Download Quick Reference on Accounting Standard (AS) 29 Provisions Contingent Liabilities and Contingent Assets
The objective of AS 29 is to ensure that appropriate recognition criteria and measurement bases are applied to provisions and contingent liabilities and that sufficient information is disclosed in the notes to the financial statements to enable users to understand their nature, timing and amount. The objective of this Standard is also to lay down appropriate accounting for contingent assets.
AS 29 prescribes accounting for provisions and contingent liabilities and in dealing with contingent assets, except:
- those resulting from financial instruments that are carried at fair value
- those resulting from executory contracts, except where the contract is onerous
- those covered by another AS
- those arising in insurance enterprises from contracts with policy holders
Provision is a liability which can be measured only by using substantial degree of estimation.
Liability is a present obligation of the enterprise arising from past events, the settlement of which is expected to result in an outflow from the enterprise of resources embodying economic benefits.
Contingent Liability is
- a possible obligation arising from past events and the existence of which will be confirmed only by the occurrence or non-occurrence of one or more uncertain future events not wholly within the control of the enterprise; or
- a present obligation that arises from past events but is not recognised because it is not probable that an outflow of resources embodying economic benefits will be required to settle the obligation or a reliable estimate of the amount of obligation cannot be made.
Contingent Asset is a possible asset that arises from past events the existence of which will be confirmed only by the occurrence or nonoccurrence of one or more uncertain future events not wholly within the control of the enterprise.
Present obligation– An obligation is a present obligation if, based on the evidence available, its existence at the balance sheet date is considered probable, i.e., more likely than not.
An obligation is a possible obligation if, based on the evidence available, its existence at the balance sheet date is considered not probable.
Provisions -Recognition, Measurement and Review
A provision should be recognised when:
a) Enterprise has a present obligation as a result of a past event
b) It is probable that an outflow of resources embodying economic benefits will be required to settle the obligation
c) Reliable estimate can be made of the amount of the obligation.
Best estimate of the expenditure required to settle the present obligation at the Balance Sheet date
Other factors for consideration
a) Risks and uncertainties should be considered.
b) Future events should be considered when there is sufficient objective evidence that they will occur
c) No discounting except in the case of decommissioning, restoration and similar liabilities that are recognised as cost of PPE
d) Gains from expected disposal of assets should not be considered.
e) Reimbursements by another party should be considered if it is virtually certain that reimbursement will be received if the enterprise settles the obligation
f) The reimbursement should be treated as a separate asset.
g) Amount recognised for the reimbursement should not exceed the amount of provision
h) In the Statement of Profit and Loss, the expense relating to a provision may be presented as net of the amount recognised for reimbursement.
Reviewed at each balance sheet date and adjusted to reflect the current best estimate.
Reversed, if appropriate.
Contingent Liabilities – Recognition and Review
Not to be recognised.
Only disclosure is required, unless the possibility o an outflow of resources embodying economic benefits is remote.
Assessed continually to determine whether an outflow of resources embodying economic benefits has become probable.
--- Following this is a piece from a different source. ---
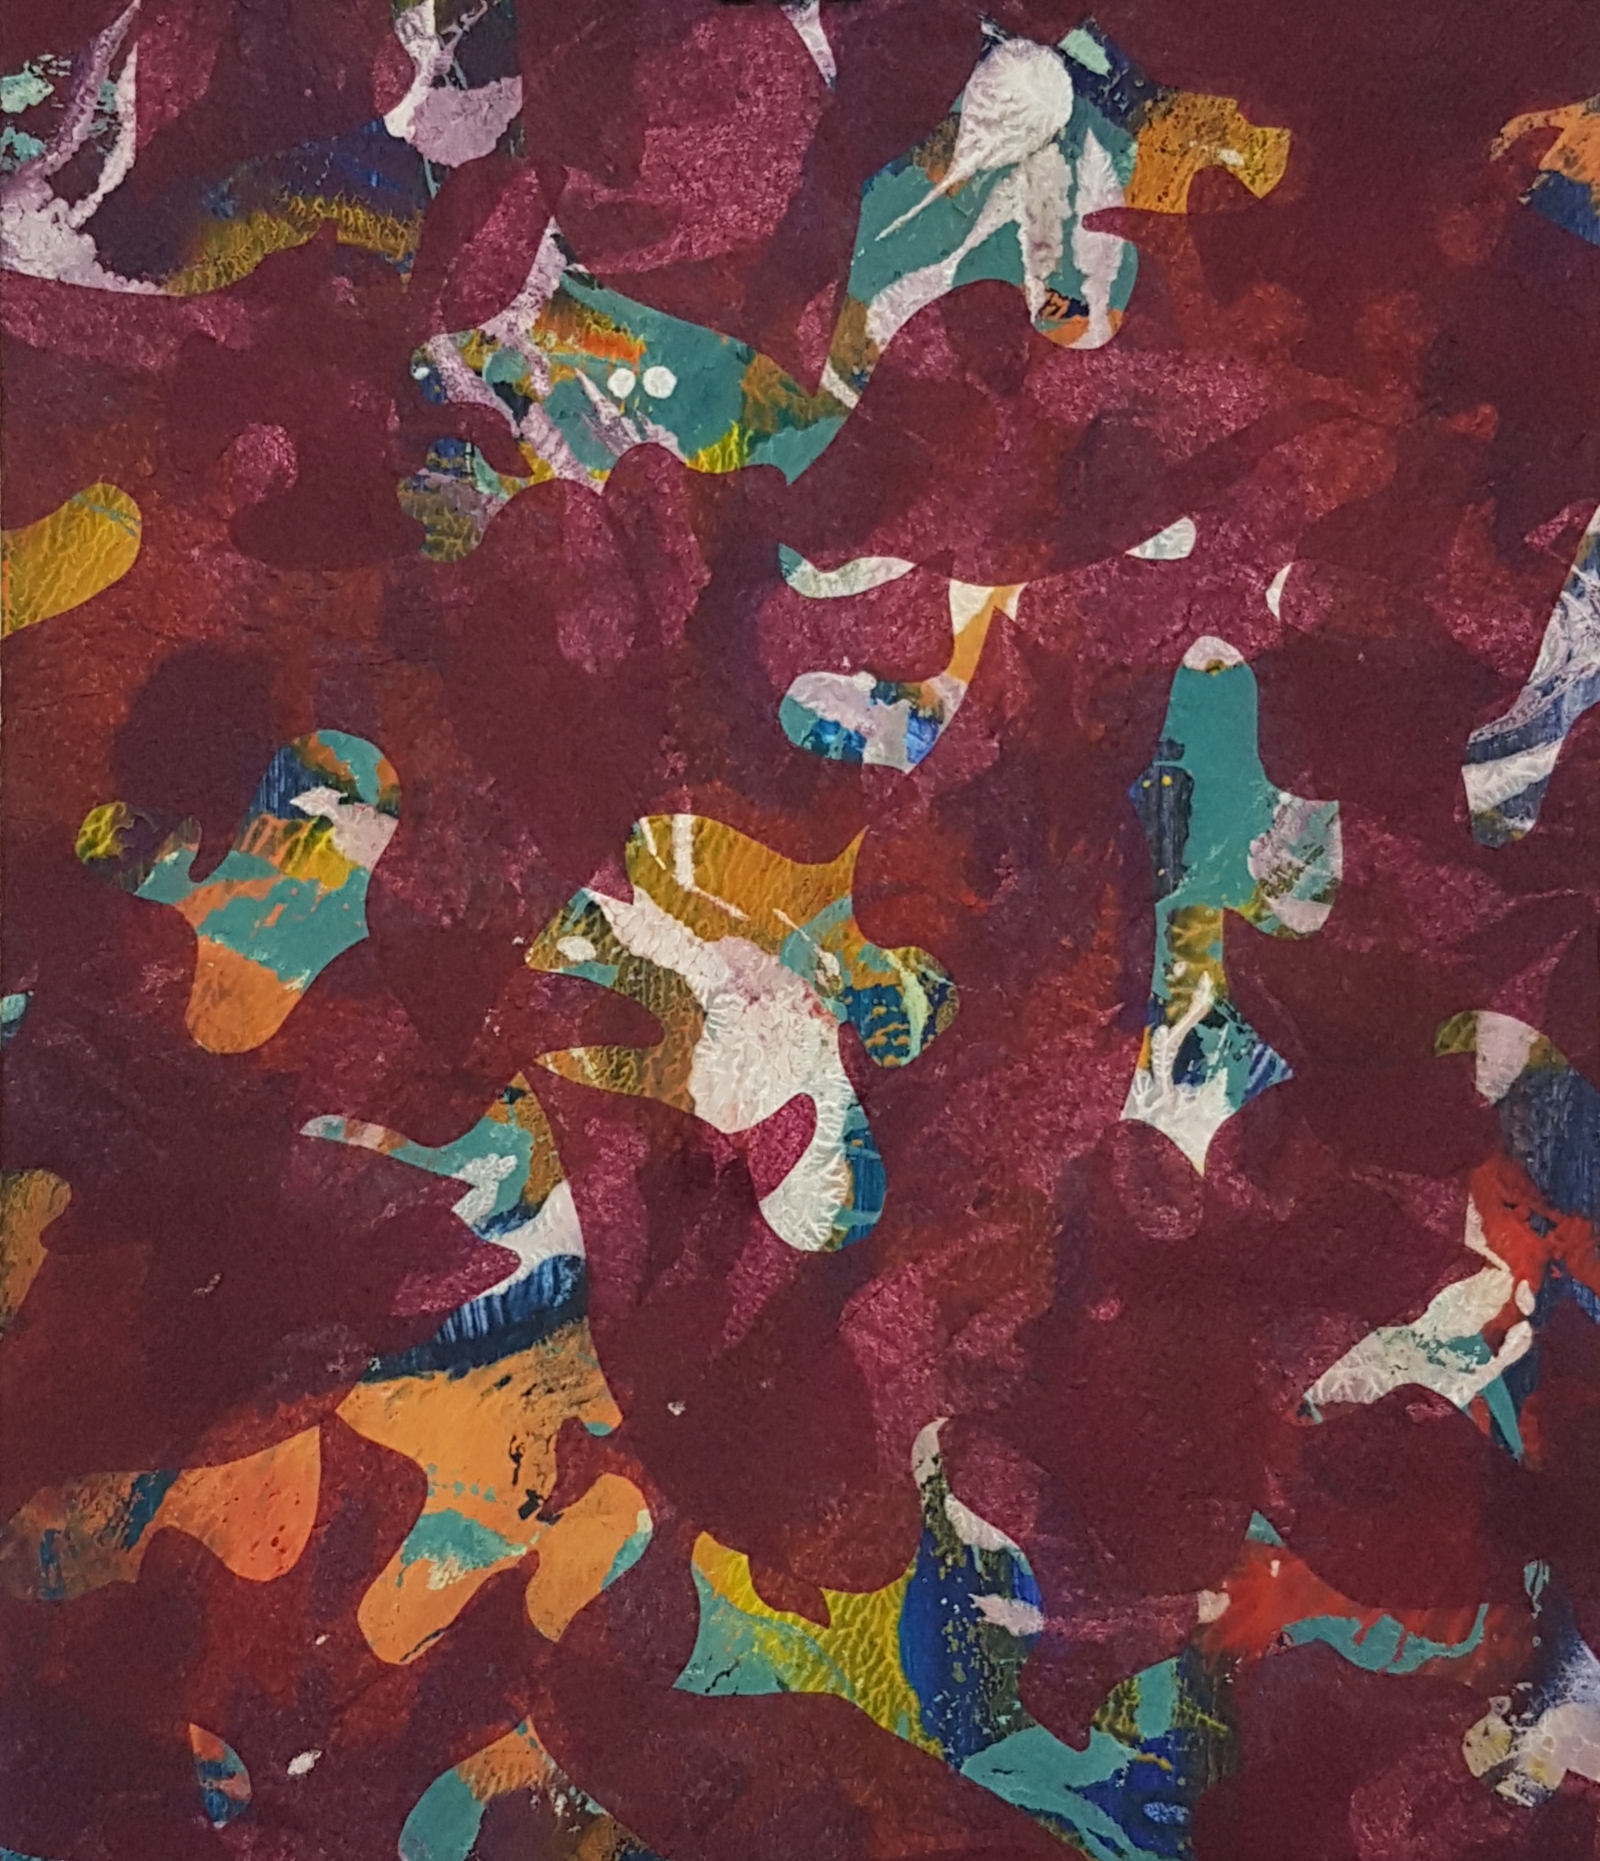 O.T., 2019, 21 x 29,5 cm, Mischtechnik auf Papier, Acryl, Collage, Monotypie-Druck

If it becomes probable, contingent liability is recognised as provision.
Contingent Assets – Recognition and Review
Not to be recognised.
Disclosure is usually made in the report of the approving authority when an inflow of economic benefits is probable and not in the financial statements.
Assessed continually and if it has become virtually certain that an inflow of economic benefits will arise, the asset and the related income are recognised.